A new bill of law relating to Part-II Funds, SIFs and SICARs
It has been deposited before Luxembourg-Parliament on 18 January 2016 and addresses the following three items:
Modernisation of the UCI law in order to allow Part-II funds to issue shares/units at a different price than the NAV:
- applies to closed-ended Part-II funds only, which are
- either listed, in which case the lower listing price is taken as a basis,
- or not listed, i.e. the issue price is composted by the NAV and a premium
(in order to, say, take the “J-curve” into account).
Will allow Part-II funds to be set-up as ELTIFs issuing their shares/units to retail investors (with a preferential subscription right).
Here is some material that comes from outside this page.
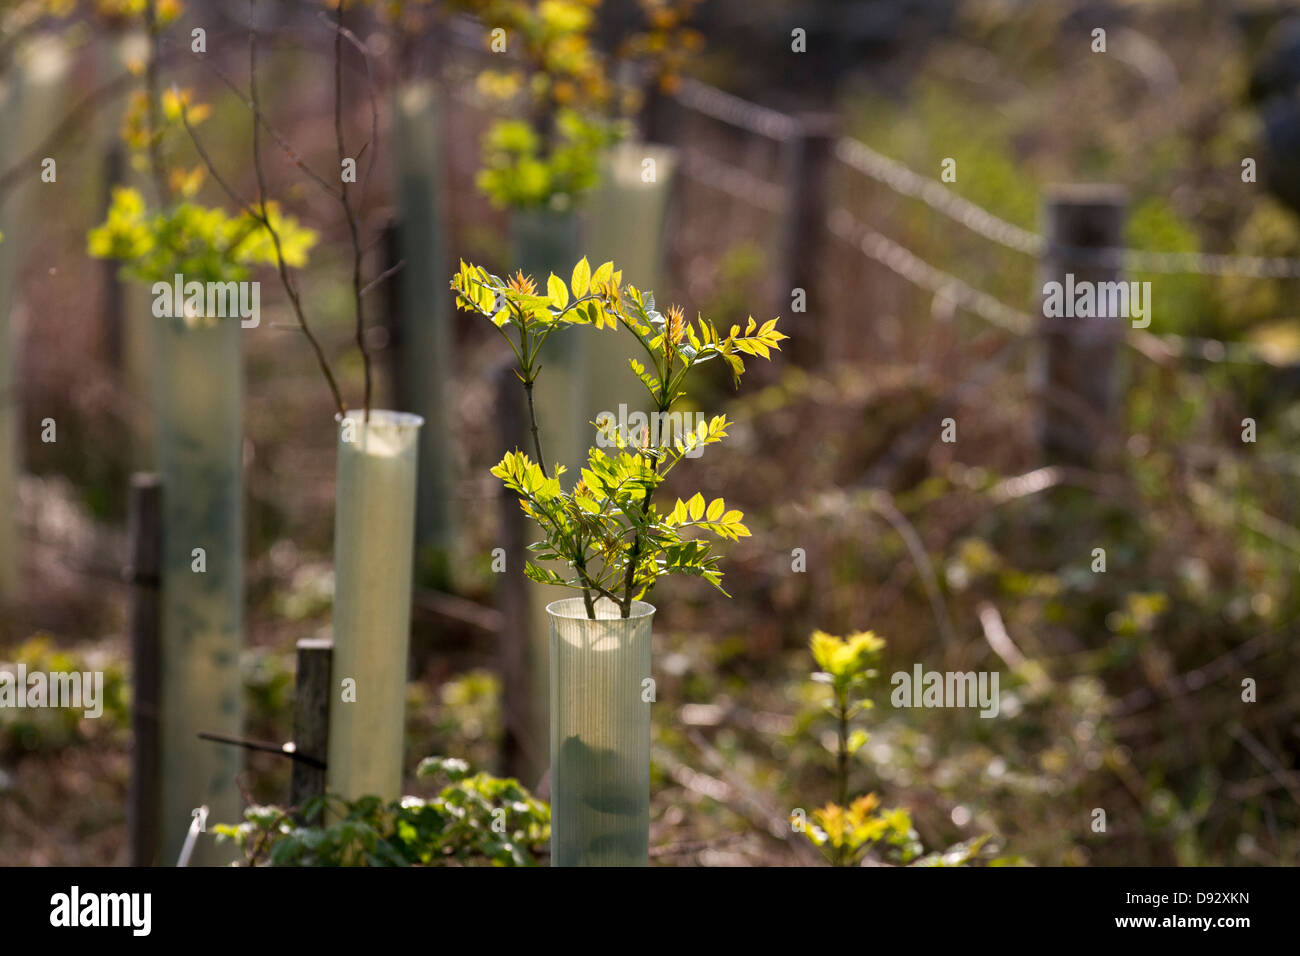 Croissance printanière sur Sorbus aucuparia Rowan. Jeunes Ash protégés par des tubes d'arbres, poussant dans la plantation forestière, North Yorkshire Moors, Garsdale, Royaume-Uni Banque D'Images

Restricting the eligible assets for certain SIFs:
- SIFs issuing their shares exclusively to professional investors in accordance with MiFID II are not affected and may continue to invest in all assets (legally available)
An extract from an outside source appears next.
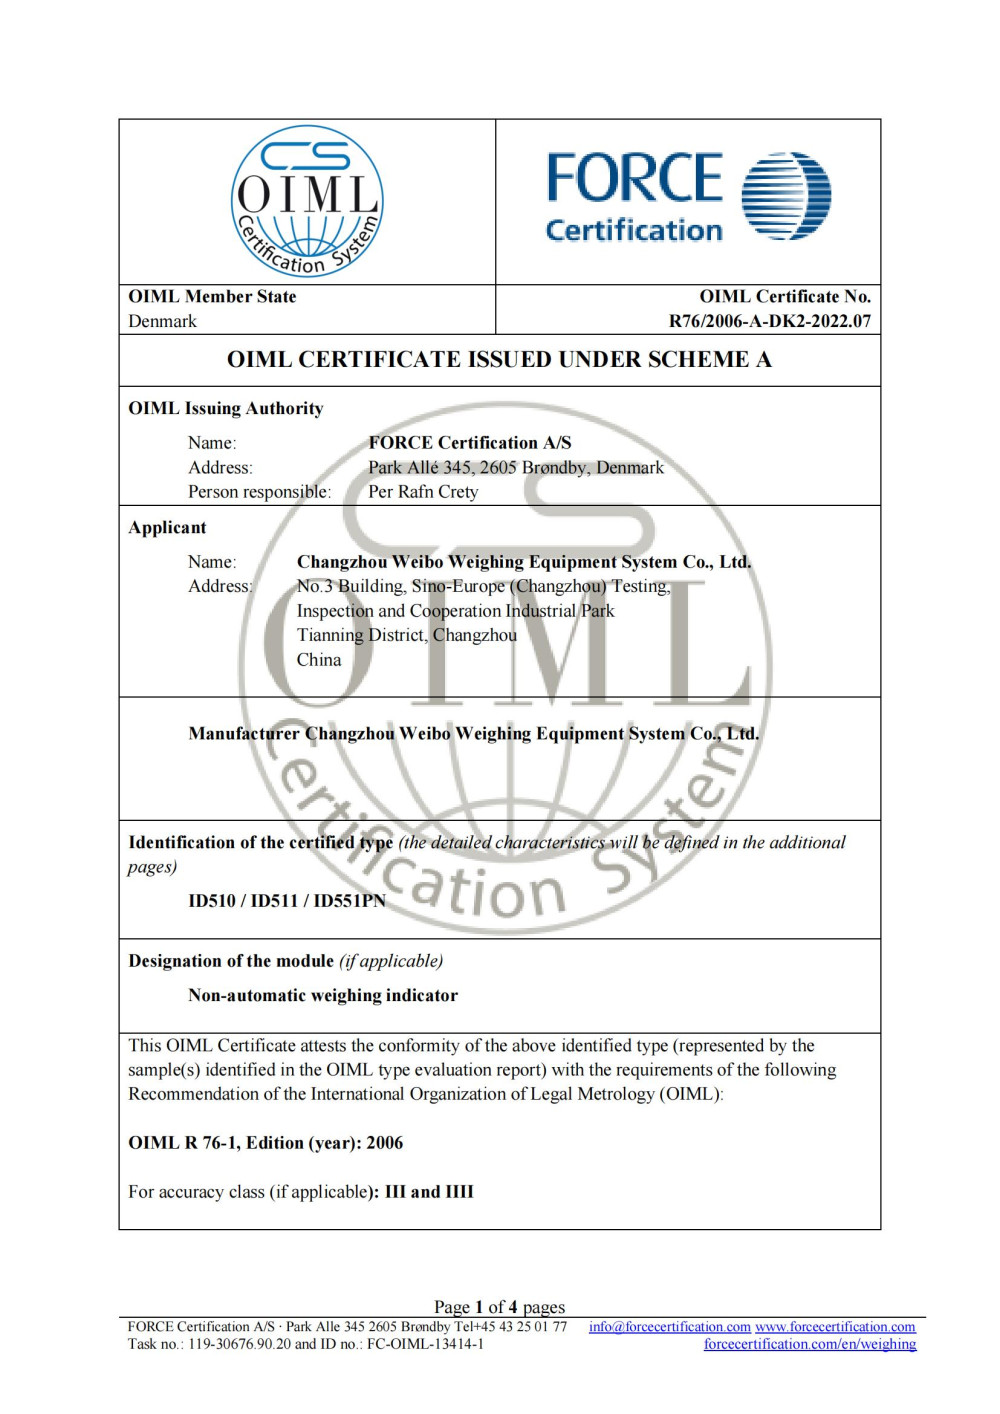 OIML-Certificate-R76

- SIFs offering their shares also to other well-informed investors (i.e. HNWI) will not be allowed to invest in “atypical assets” (e.g. wine, diamonds etc.)
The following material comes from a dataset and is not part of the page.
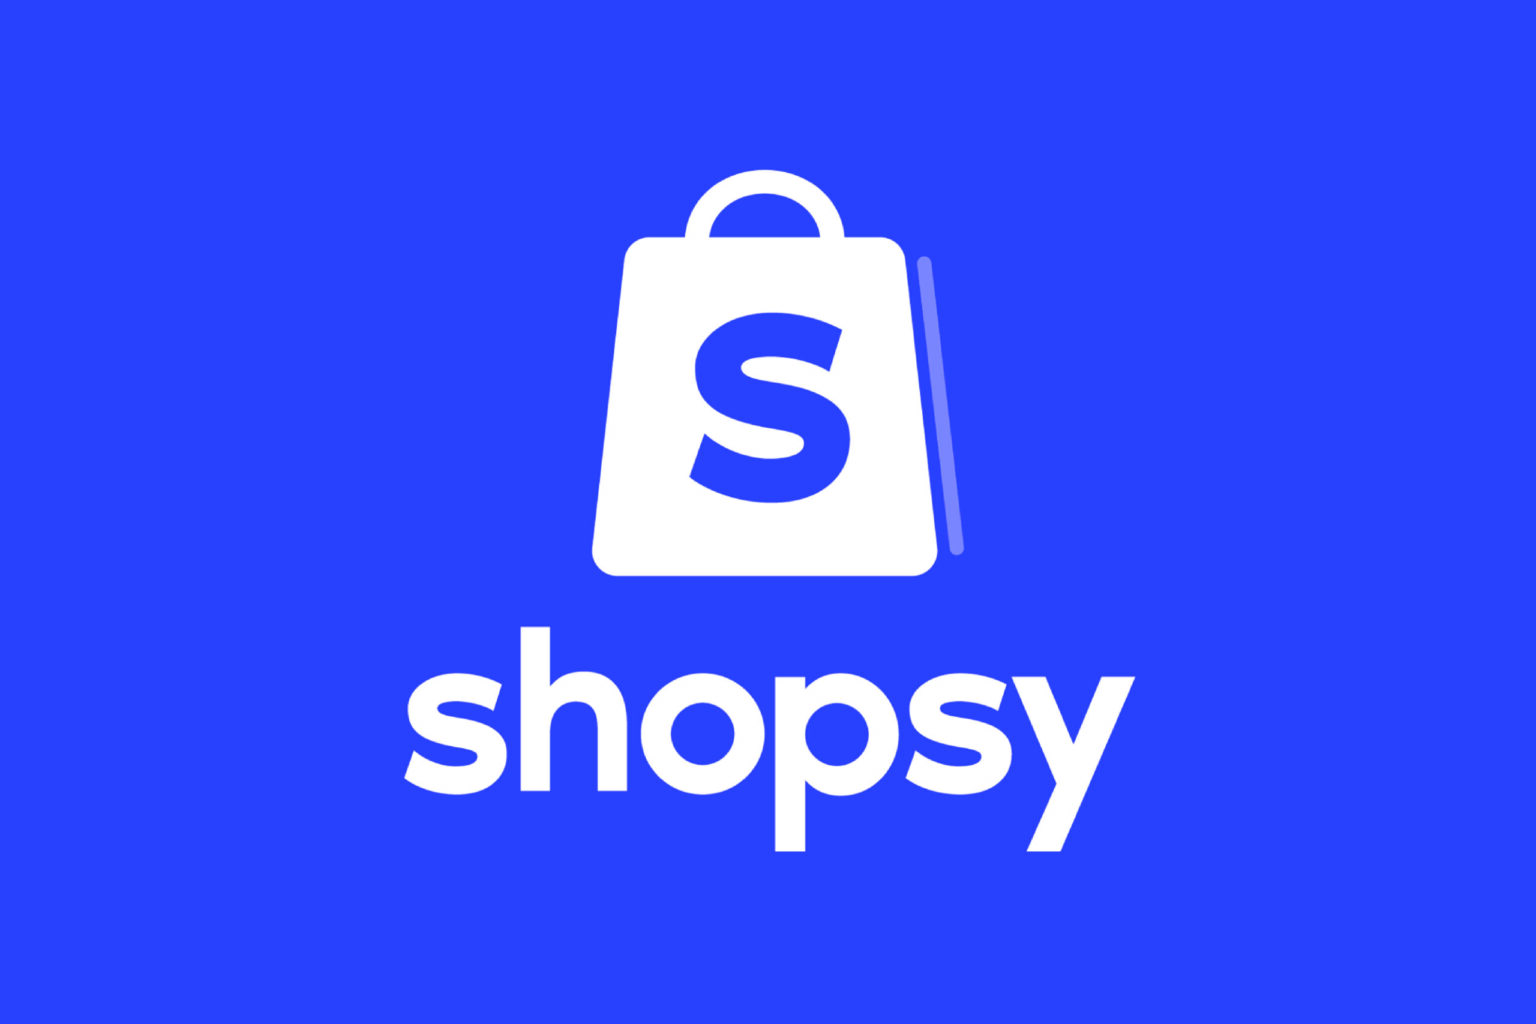 Flipkart's Shopsy launches zero commission marketplace - ChannelX

This does not seem to be very consistent with the draft bill on reserved alternative investment funds (RAIFs) which may invest in those “atypical assets” even when offering their shares to those “other well-informed investors”.
The bill provides that a future CSSF regulation shall determine the corresponding grand-fathering rules.
The SICAR law will essentially be adapted to the SIF law and SICARS must, by the end of 2016:
- review their outsourcing structure and obtain an approval from CSSF, if necessary and
- establish adequate risk management systems and notify them to the CSSF.